Alistair Murdoch
- Full name: Alistair Richard Murdoch
- Born: 9 May 1967 (age 59) Sydney, Australia
- Height: 6 ft 1 in (185 cm)
- Weight: 202 lb (92 kg)
- School: Shore School
- Occupation: Financial advisor

Rugby union career
- Position: Centre / Winger

International career
- Years: Team / Apps / (Points)
- 1993–96: Australia / 2 / (5)

= Alistair Murdoch =

Australian rugby union international

Alistair Richard Murdoch (born 9 May 1967) is an Australian former rugby union international.

Murdoch, born in Sydney, was educated at the Shore School and played first-grade rugby for Gordon.

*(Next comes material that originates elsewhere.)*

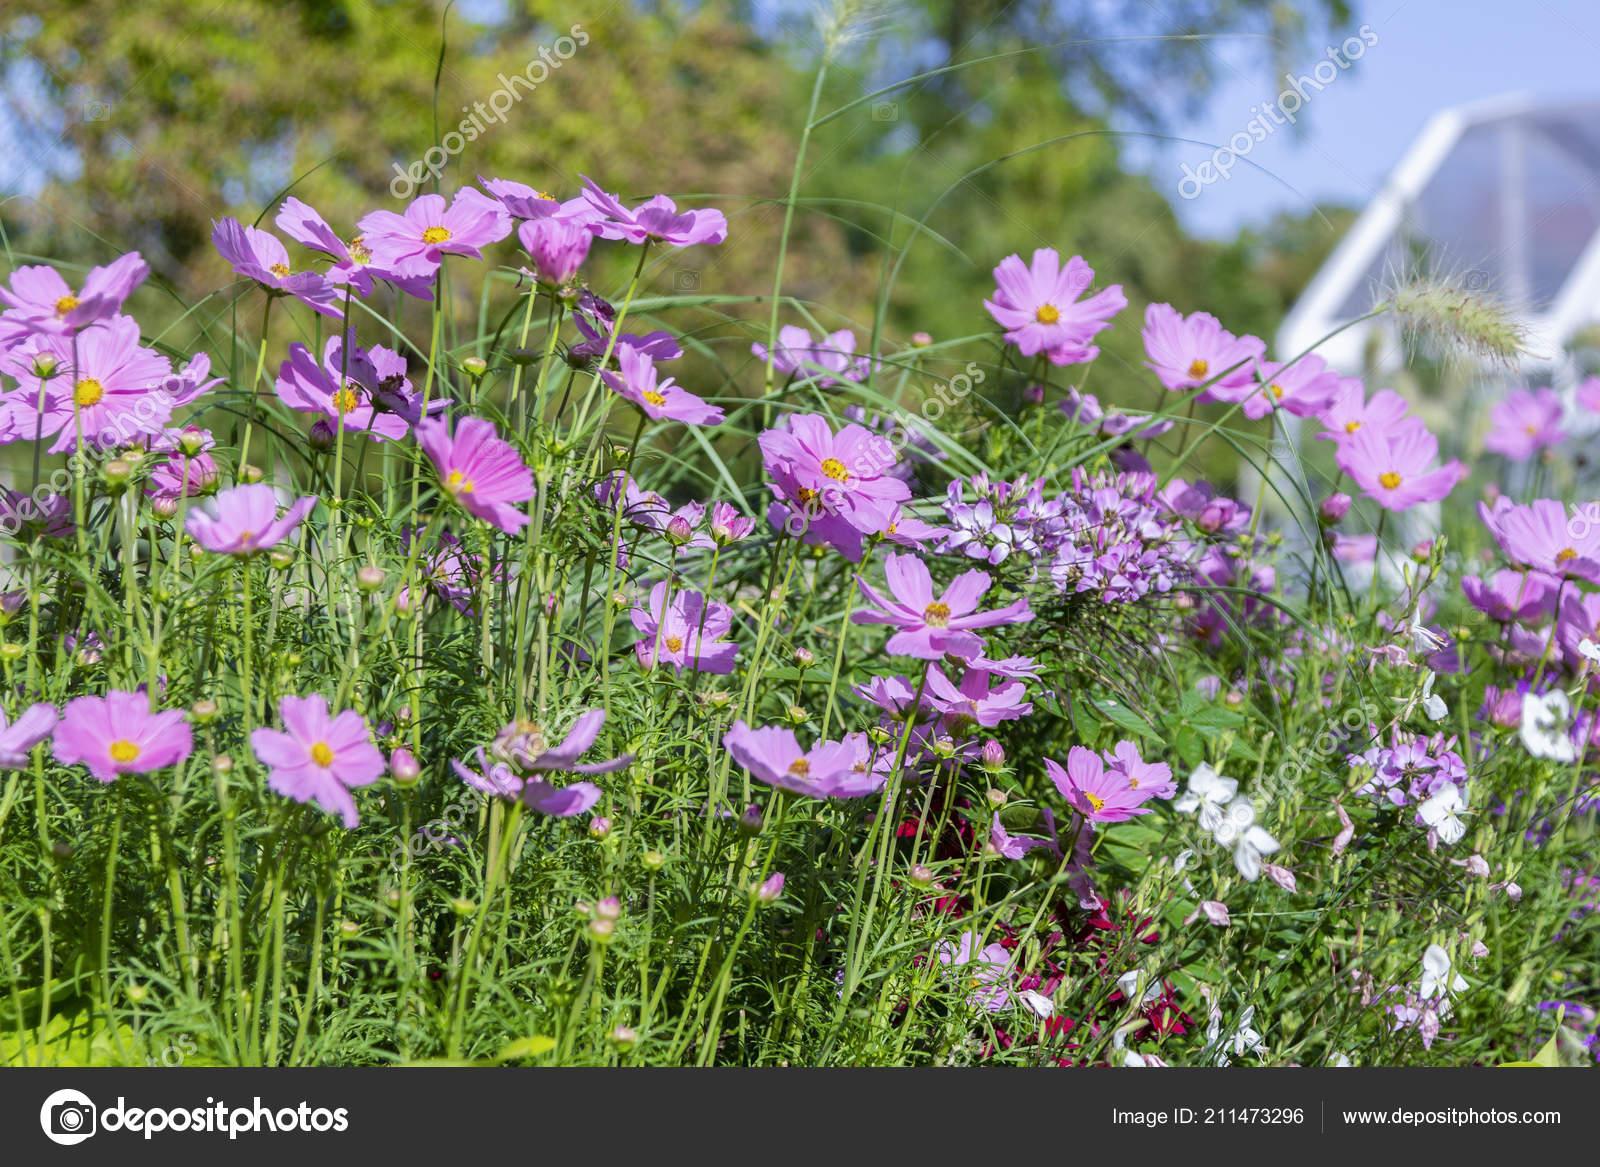 Fiore viola bianco giardino cosmo letto fiori u foto stock
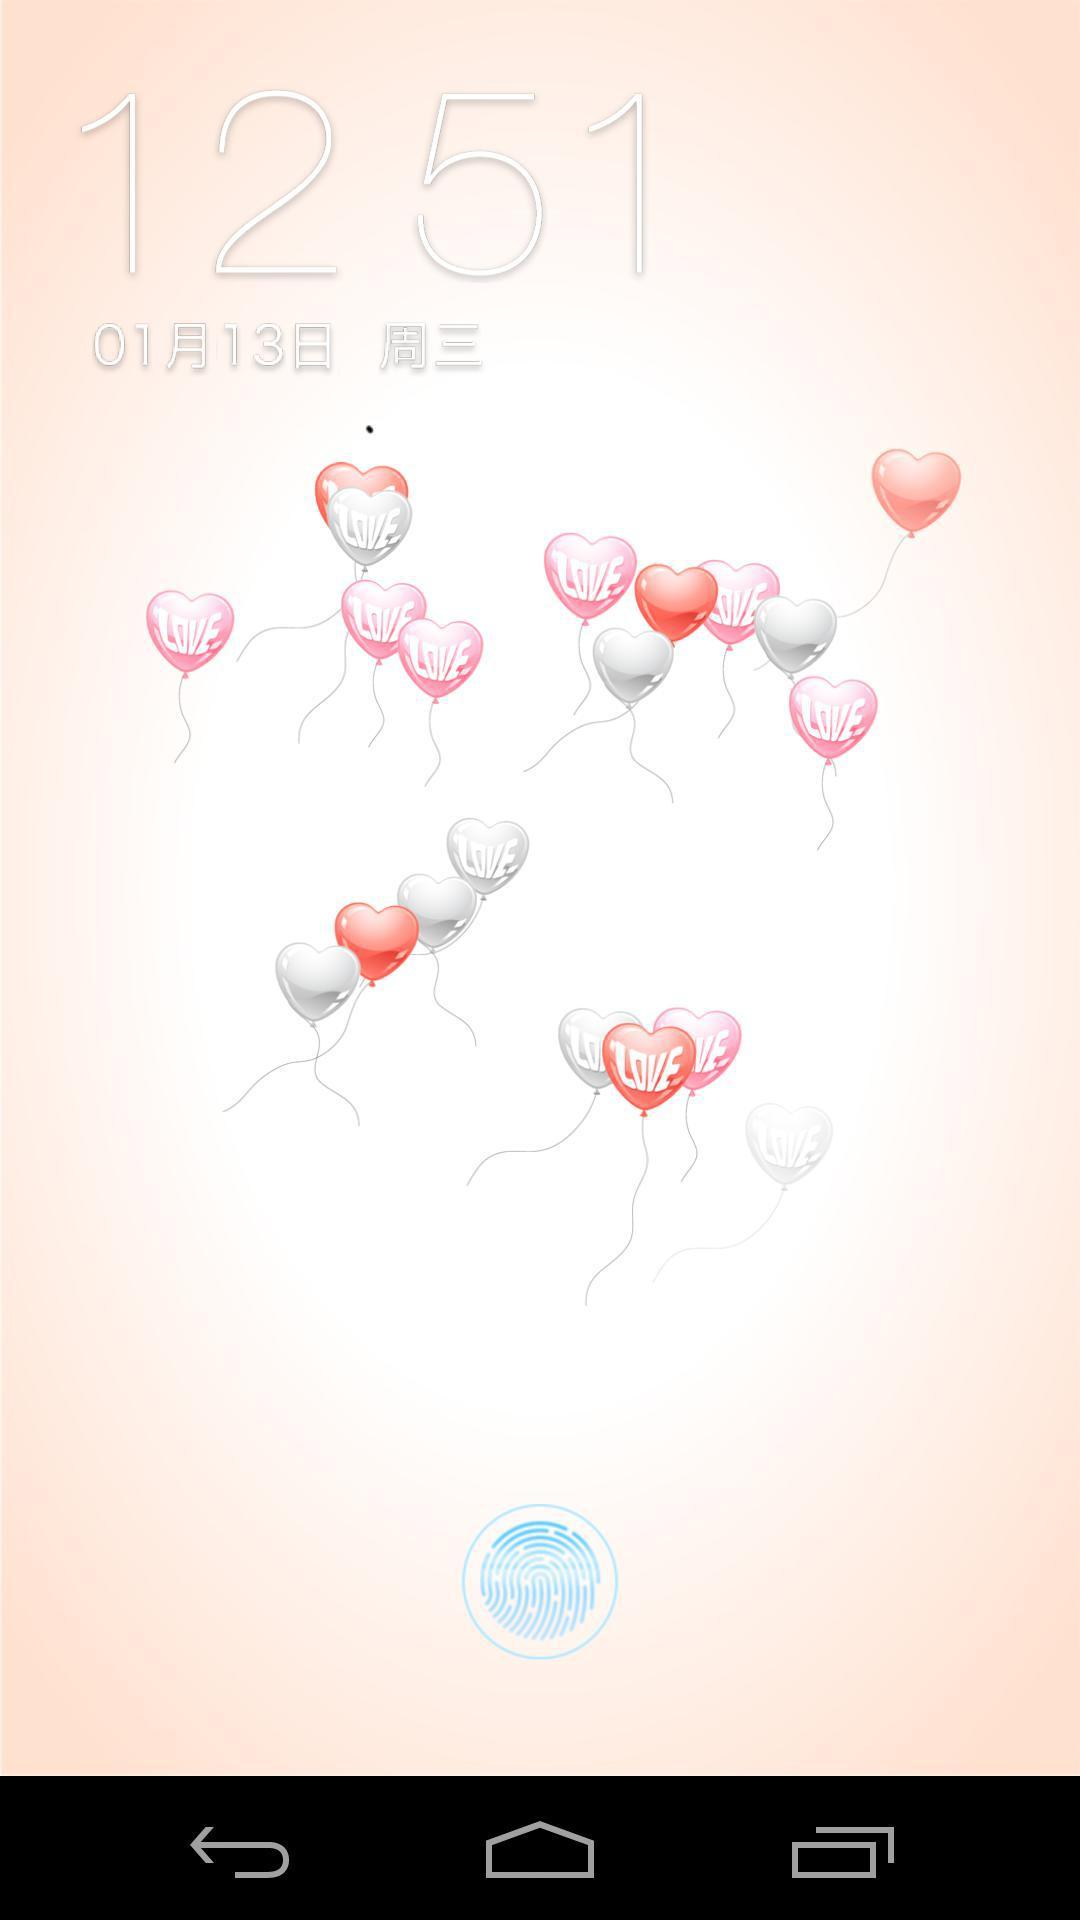 爱心气球-梦象动态壁纸截图3

A three-quarter, Murdoch earned his first Wallabies call up after a two-try man of the match performance to help the New South Wales Waratahs beat the visiting Springboks in 1993. For one of his tries, he ran 65 metres down the sideline, evading three Springbok defenders in the process. He subsequently made his Test debut in Bordeaux during that year's tour of France, playing on the left wing. His only other Wallabies cap came three years later, as a winger against Wales at Ballymore, where he scored a late try in a resounding win.

Murdoch played rugby in England for Bedford, Exeter and Worcester.

A financial advisor by profession, Murdoch took up powerlifting after rugby and won three successive World Drug-Free Powerlifting Federation titles in the 110kg weight class.